Re: Potential contradiction between the WordBreak test data and UAX #29

From: Tom Hacohen <tom_at_osg.samsung.com>
Date: Wed, 23 Nov 2016 11:00:53 +0000

On 23/11/16 10:52, Daniel Bünzli wrote:
> On Wednesday 23 November 2016 at 11:22, Tom Hacohen wrote:
>> Thank you for your reply, but I don't think the UAX, specifically the
>> line you quoted implies that. The line you quoted says that the process
>> is terminated when a rule matches and produces a boundary status. In
>> Table 1[1], the right-arrow (which is used in rule 4) is listed as a
>> boundary symbol,
>
> Precisely, rules with this *symbol* do not produce a boundary *status* which is either boundary or not boundary as mentioned in parens in the line I quoted.
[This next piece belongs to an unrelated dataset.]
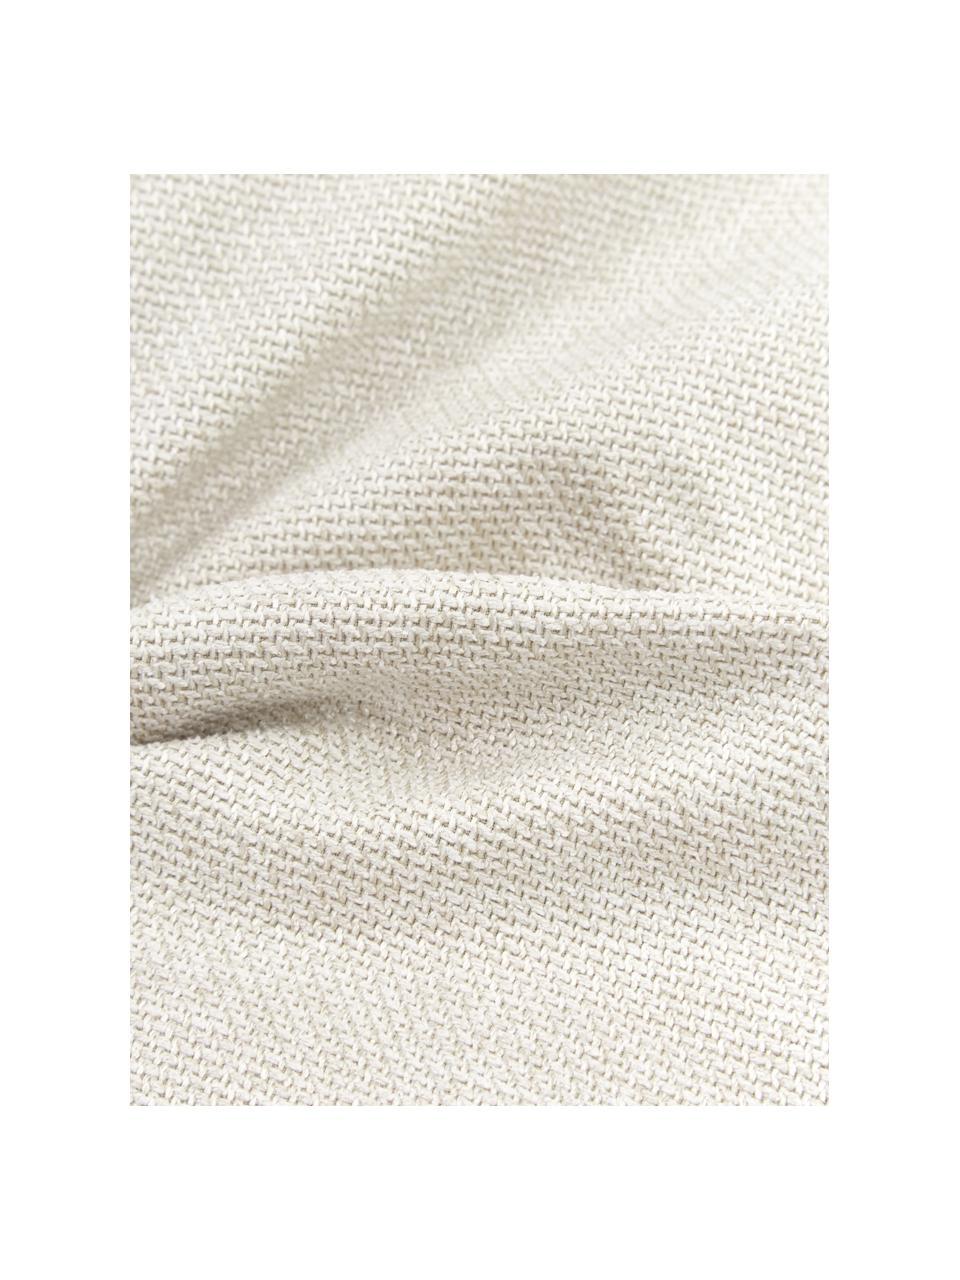 Sofa-Kissen Lennon in Beige, Bezug: 100% Polyester, Webstoff Beige, 60 x 60 cm
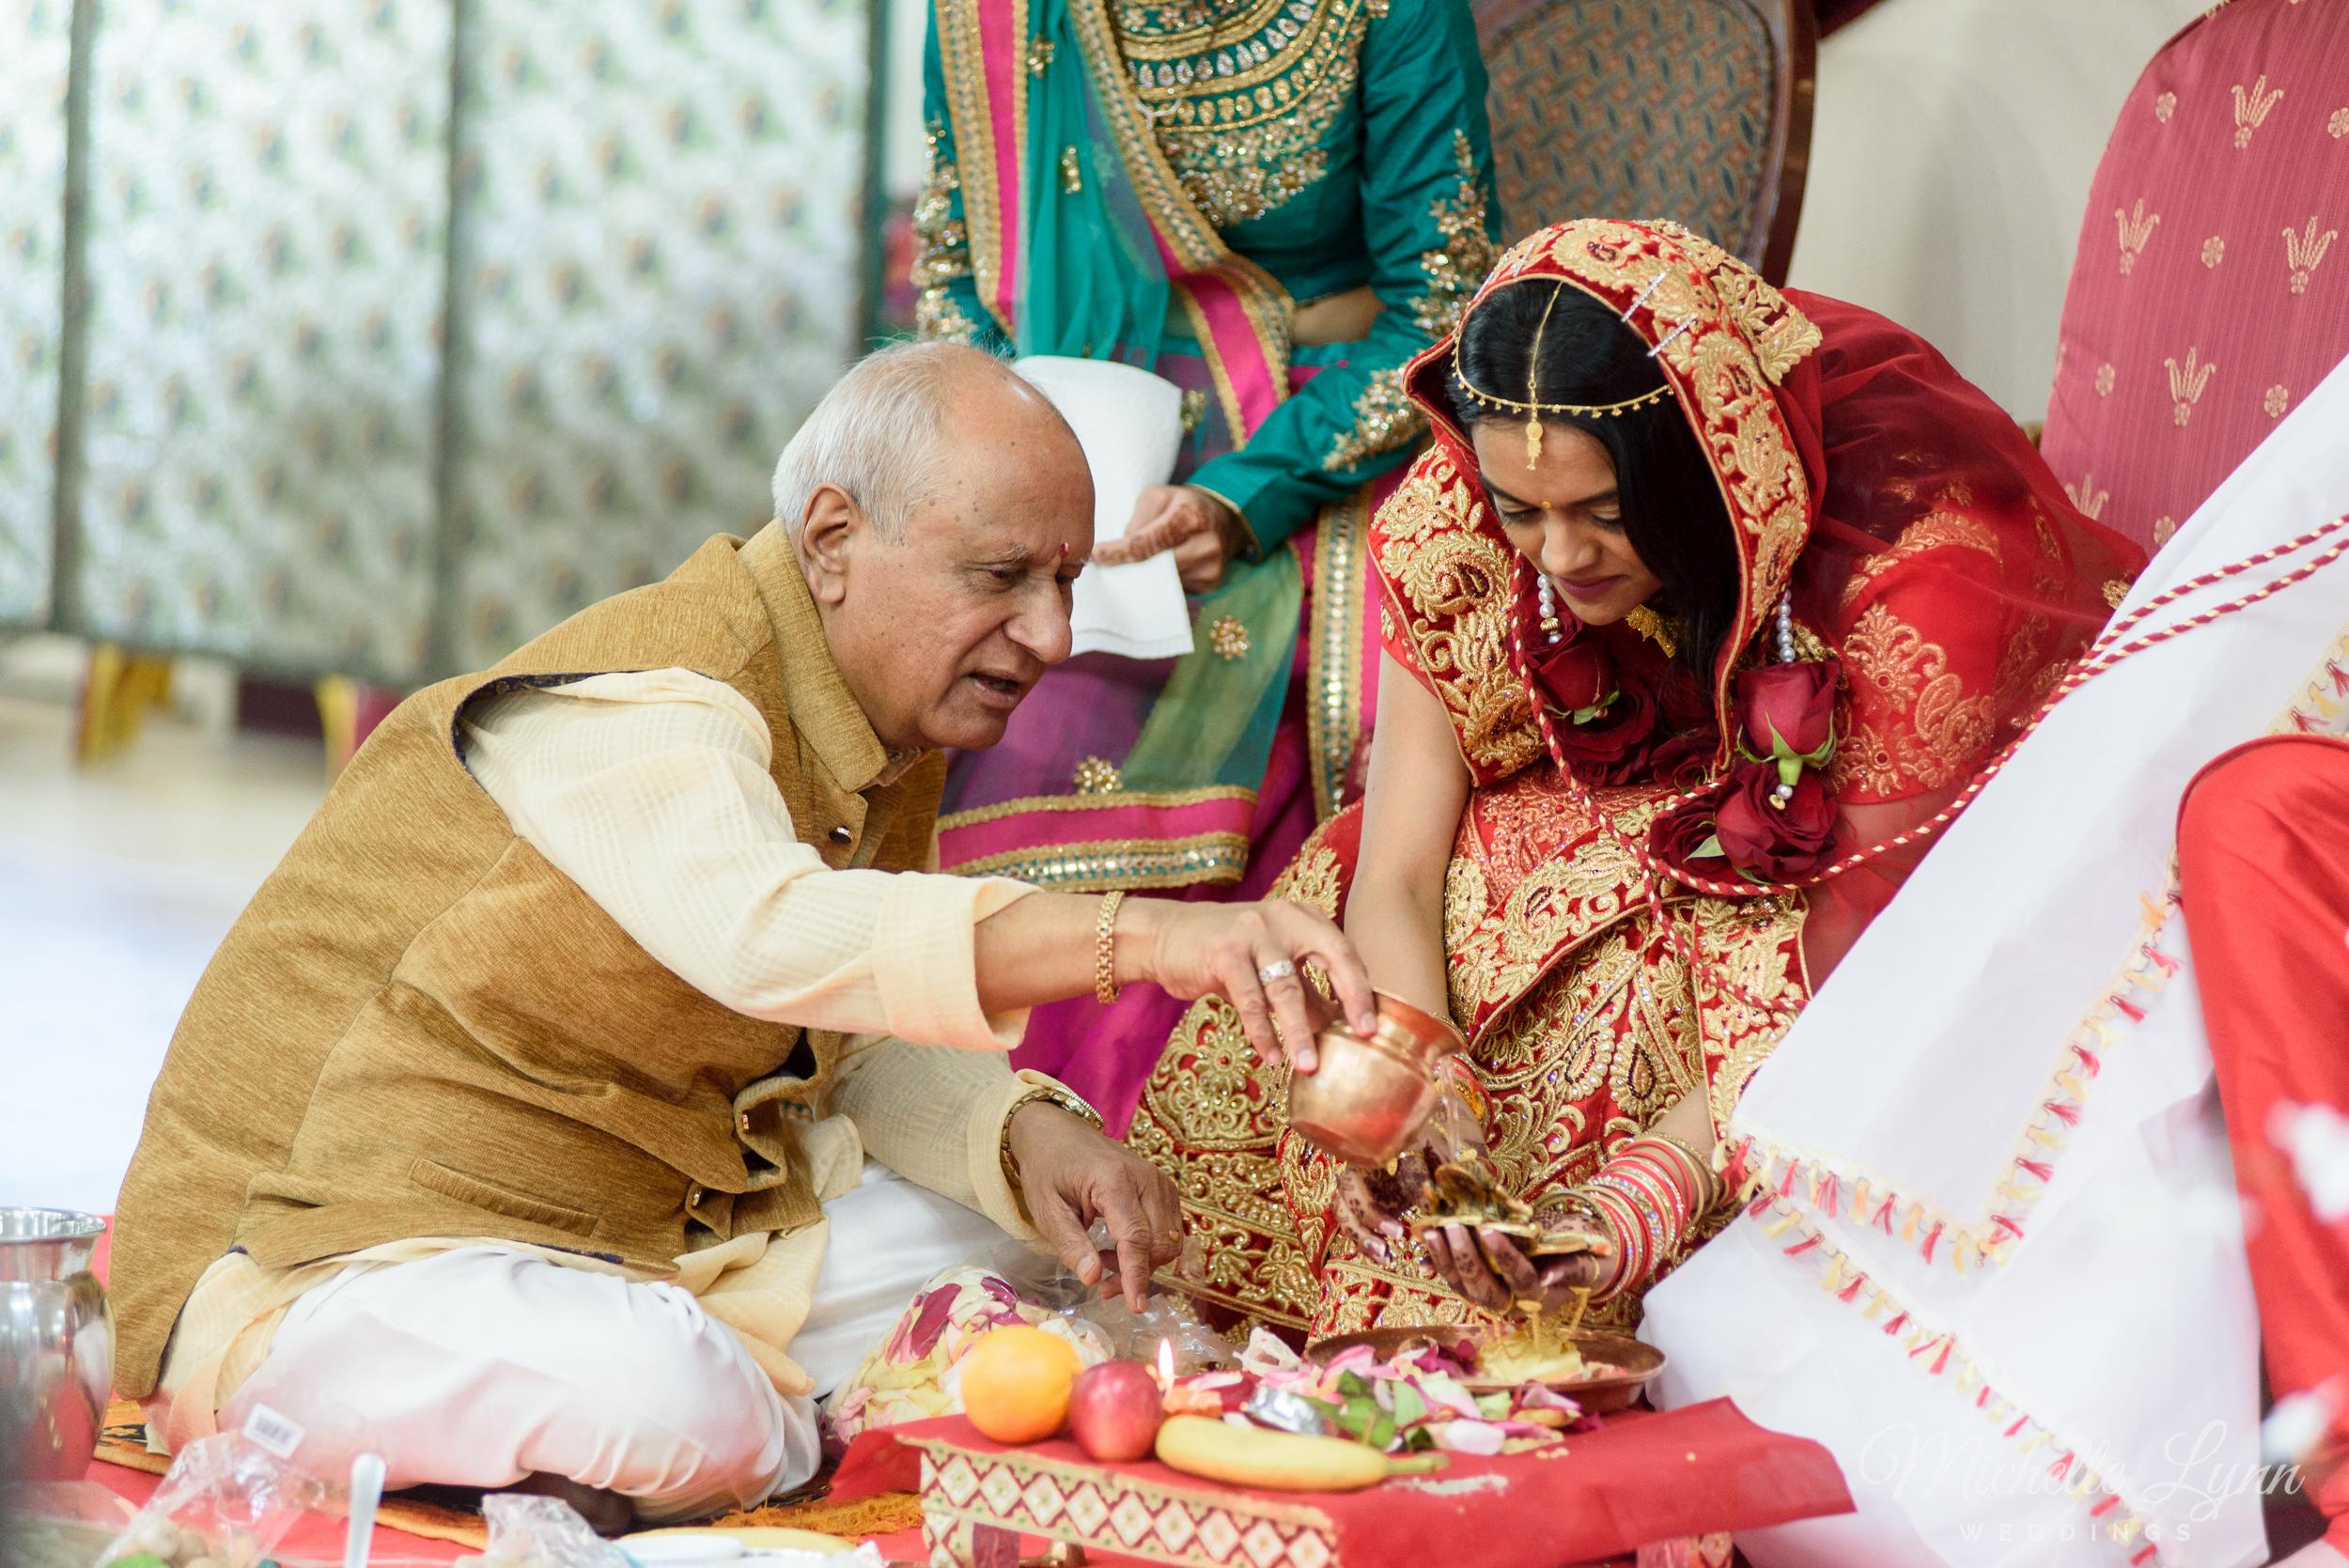 philadelphia-pa-indian-wedding-photographer-ruchi+ryan-31.jpg

This looks like a mistake statement rather than a binding rule.

>
>> so I would argue that one should stop the process and start it again from the start.
>
> At least in the current UAX there is no mention of an idea of stopping and restarting the process at all.

Even if that's true, look at my second statement (which you redacted in
your reply):

Furthermore, in the clarification to rule 4[2] it clearly states: "The
main purpose of this rule is to always treat a grapheme cluster as a
single character—that is, as if it were simply the first character of
the cluster".
This again sides with my understanding that:
X Extendend Y
should behave exactly the same as
X Y
after the extended part.
Which is exactly what I'm arguing for.

Also take another look at
http://www.unicode.org/reports/tr29/#Grapheme_Cluster_and_Format_Rules
specifically the table that shows another way of writing the ignore
rule. This again shows my understanding of rule 4 is correct.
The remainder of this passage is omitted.